Jabłonna. Lidl kontra mieszkańcy. Urząd chce kontroli wyjazdu z parkingu

lidl-jablonna

Lidl w Jabłonnie, fot. GP/am (archiwum)

 

Urząd Gminy Jabłonna wystąpił do Powiatowego Inspektora Nadzoru Budowlanego z wnioskiem o kontrolę wyjazdu z parkingu Lidla na ulicę Królewską. Zdaniem urzędników zjazd został wybudowany niezgodnie z wydaną przez gminę decyzją. Wniosek to kolejna odsłona walki z uciążliwościami, na które skarżą się mieszkańcy ulicy Królewskiej.
Mieszkańcy ulicy Królewskiej od lat zwracają uwagę na to, że funkcjonowanie Lidla powoduje szereg niedogodności.
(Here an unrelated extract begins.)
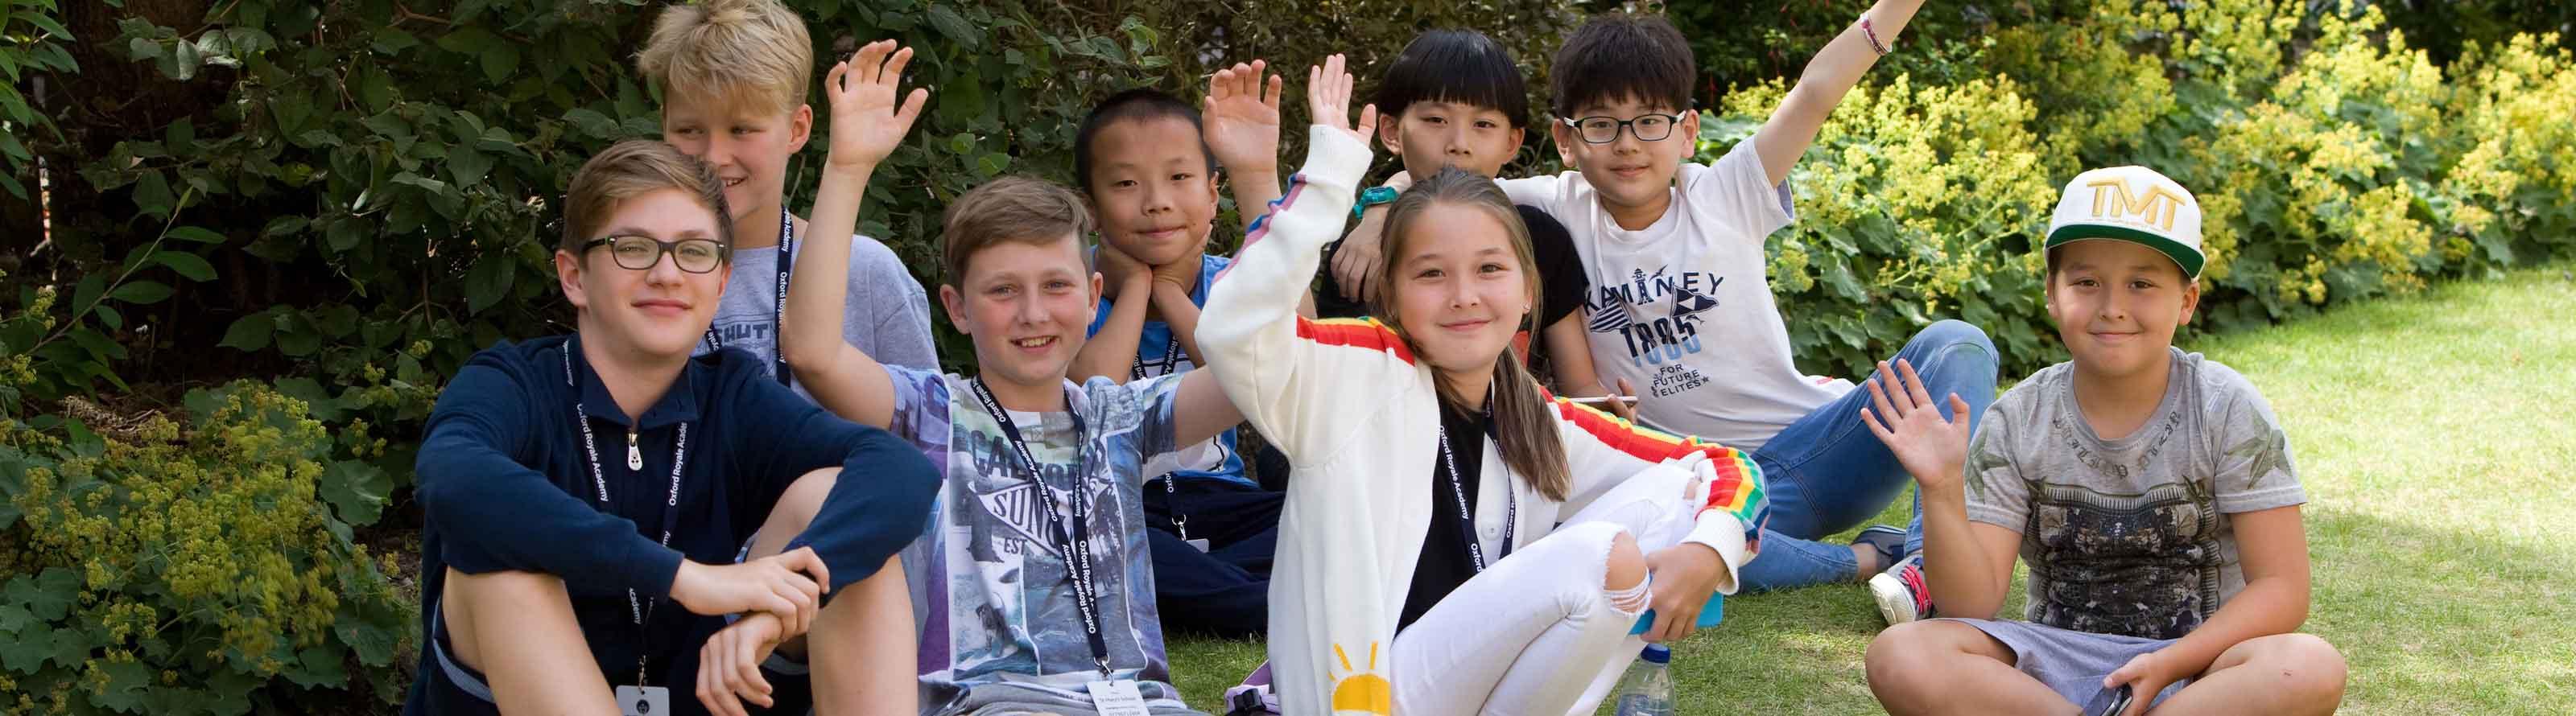 junior-summer-school-banner-3200x890

Wśród nich są m.in. hałas, otwarcie wyjazdu z parkingu na ulicę Królewską, czy brak toalet powodujący, że niektórzy klienci sklepu załatwiają swoje potrzeby w pobliżu posesji mieszkańców. Teraz sprawa wróciła po raz kolejny na posiedzeniu Komisji Rozwoju i Komisji Bezpieczeństwa Publicznego. Głównym elementem walki z uciążliwościami jest skierowanie wniosku o kontrolę do Powiatowego Inspektora Nadzoru Budowlanego. Członkowie komisji chcą również kolejnych rozmów z Lidlem.

 

Wjazd niezgodny z prawem

Zdaniem urzędników zjazd w ulicę Królewską został wykonany niezgodnie z decyzją wydaną przez gminę. Jest on po prostu zbyt szeroki, przez co umożliwia ruch samochodów ciężarowych. Pierwotnie i zgodnie z prawem miał być on przeznaczony jedynie dla aut osobowych. – W decyzji na lokalizację zjazdu była także mowa o tym, że wody opadowe z tego zjazdu nie mogą być odprowadzane na nieruchomości sąsiednie – tłumaczą urzędnicy.
Ponadto według oceny mieszkańców na terenie Lidla zdaniem urzędników nie ma odpowiedniego odwonienia. Po zapełnieniu studzienek ściekowych woda wypływa więc na jezdnię.
W ciągu kilku lat walki mieszkańców z niedogodnościami spowodowanymi działalnością sklepu udało się wywalczyć m.in. rezygnację Lidla z nocnych dostaw, wyłączanie na noc latarni, wyciszanie pracy wentylatorów, czy nasadzenia krzewów, które miały zniwelować hałas. Protestujący nie zamierzą jednak na tym zakończyć swoich działań, bo jak twierdzą, życie w sąsiedztwie Lidla w dalszym ciągu jest utrapieniem.